The ${credential.X} substitution resolves to the field's value (string fields) or absolute path (file fields, SPEC §2.3). The AI merges the block into the agent's MCP config on first use — one place to declare, one place to update, applies to every agent.

Status

v0.2.5 — 24 modules in library/ gated by last_verified (5 production · 16 verified · 3 partial). New since v0.2.4: 4 modules (dashscope Alibaba CosyVoice TTS + voice cloning + Wanx, volcengine-tos S3-compat object storage, volcengine-speech ByteDance Seed-ASR 2.0 for QA-vs-script transcription diff, aitoearn 14-channel social publishing MCP) + library/cloudflare extended with the CF Pages source-repo silent-PATCH trap + delete+recreate runbook. Site now serves at trove.robozephyr.com (brand-aligned with the @robozephyr/ npm scope), with SVG favicon + Apple touch icon + auto-deploy workflow on every push. Format spec is stable; AI-assisted module authoring (v0.3) in progress.

See:

Quick start

# 1. Install
npm install -g @robozephyr/trove
# (Node 22+ required. Homebrew tap planned for v1.0.)

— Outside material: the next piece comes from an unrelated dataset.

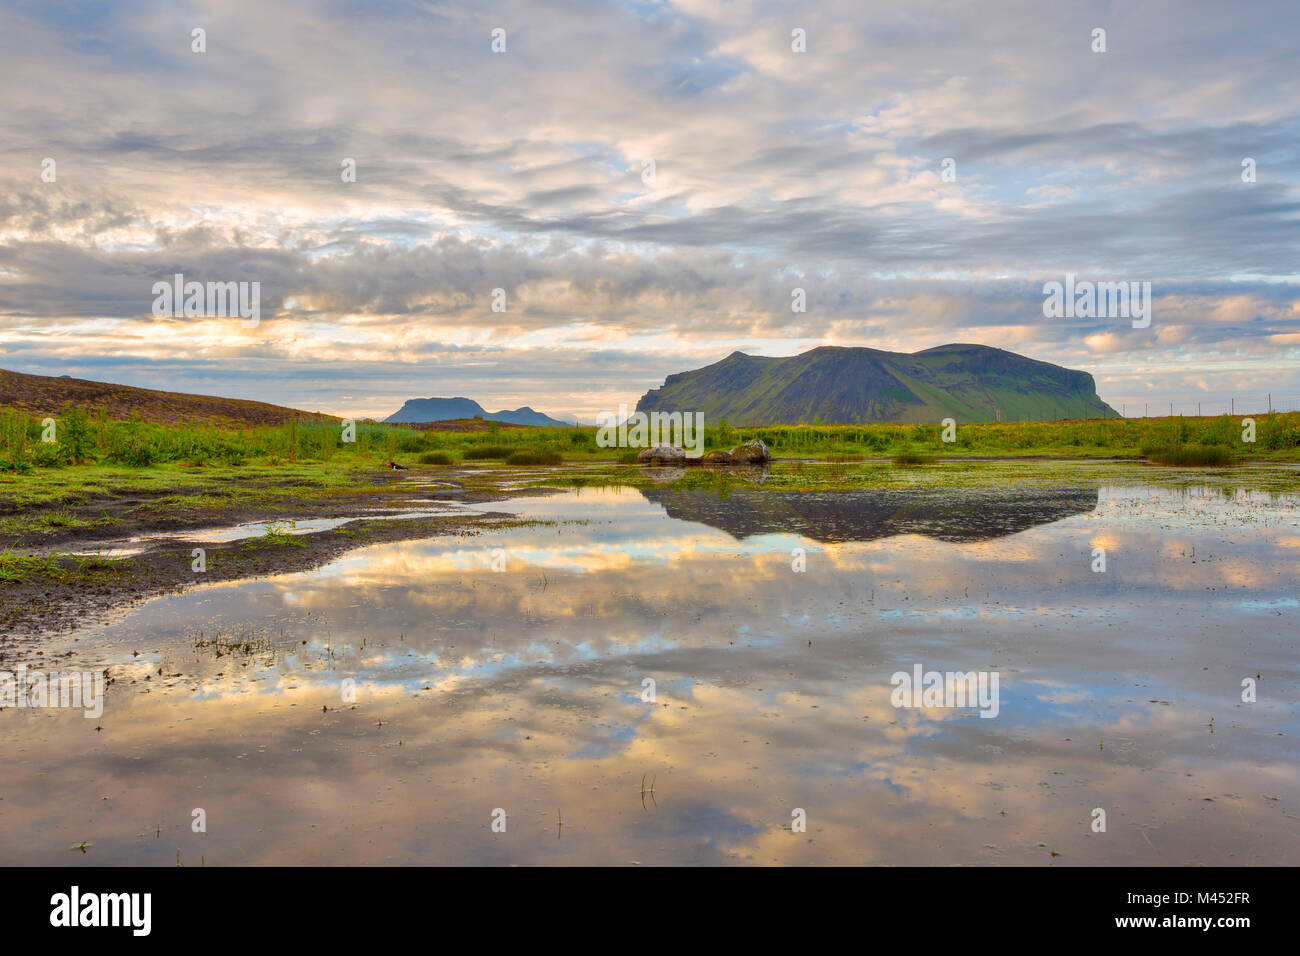 Reflet de nuages dans l'eau, Sudurland, Sud de l'Islande, Islande Banque D'Images
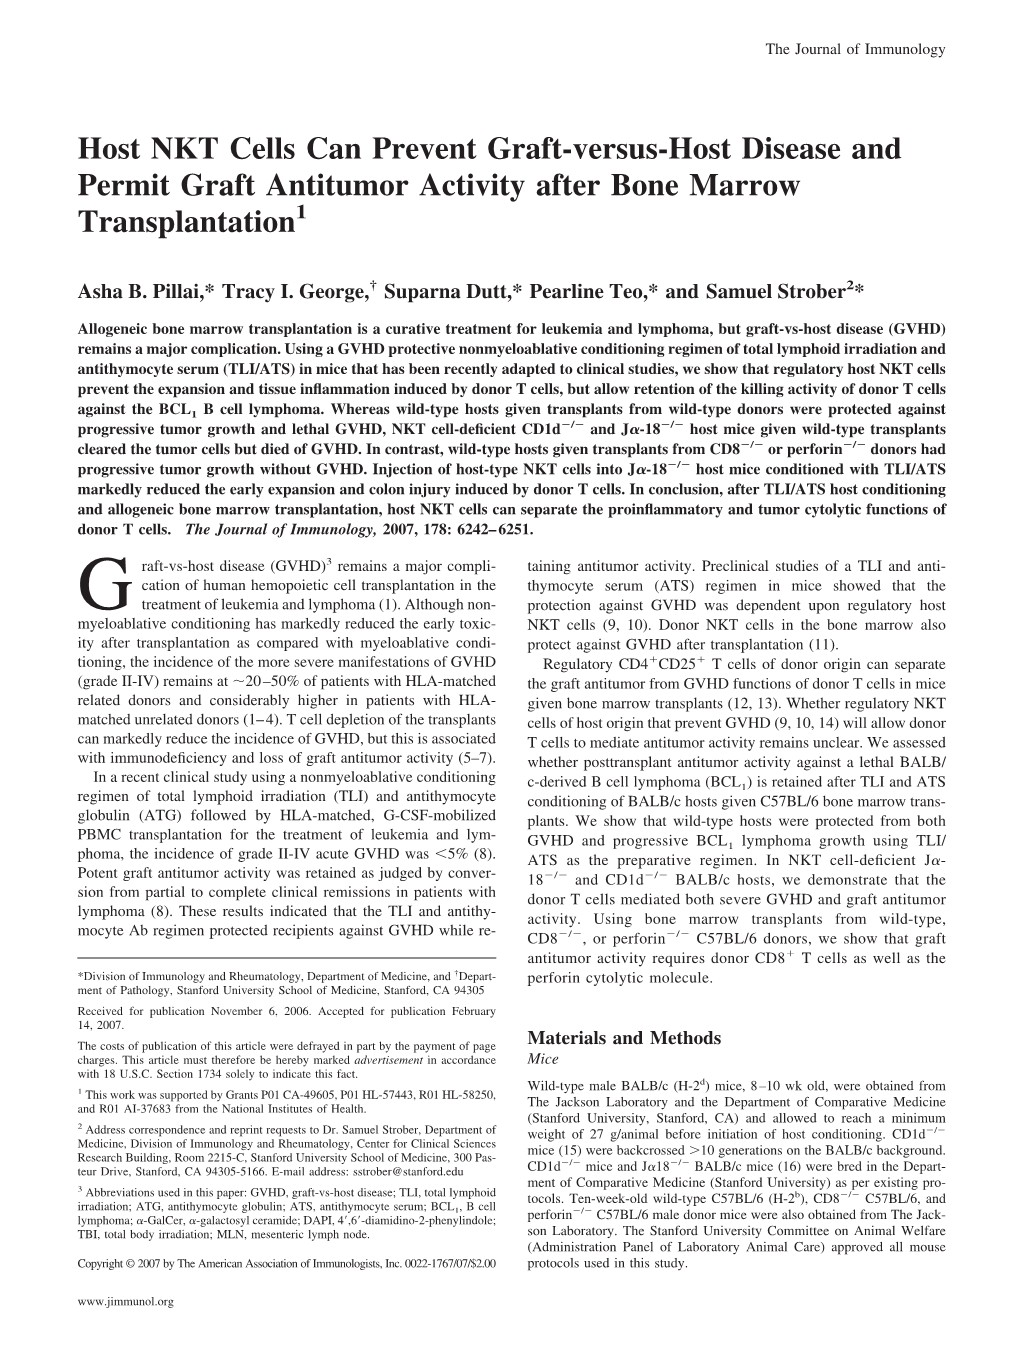 Transplantation Antitumor Activity After Bone Marrow Graft-Versus-Host

# 2. Open the local Web UI to install a module and fill credentials
trove ui
# → http://127.0.0.1:7821
# Pick e.g. `minimax` from the Library tab, click Install, fill the form.

# 3. Reference it from any project's CLAUDE.md
echo '@/Users/you/.trove/minimax/module.md' >> /path/to/project/CLAUDE.md

# 4. Start your AI agent there
cd /path/to/project && claude

The AI now knows MiniMax: how to call it, what gotchas to avoid, where to find the key.

Zero-tooling mode

If you don't want the binary, the directory convention IS the runtime — just clone, copy, edit:

mkdir -p ~/.trove
cp -r library/minimax ~/.trove/
chmod 600 ~/.trove/minimax/credentials.json
$EDITOR ~/.trove/minimax/credentials.json
# ⚠️ Direct file editing is the fallback. `trove ui` keeps secrets out of
# shell history / screenshots / pair-programming.
echo '@/Users/you/.trove/minimax/module.md' >> /path/to/project/CLAUDE.md

For multi-account scenarios (e.g. multiple GitHub or Cloudflare accounts), duplicate the library/github-account/ template under a per-account directory name (e.g. ~/.trove/github-personal/, ~/.trove/github-work/) and fill each with that account's identity.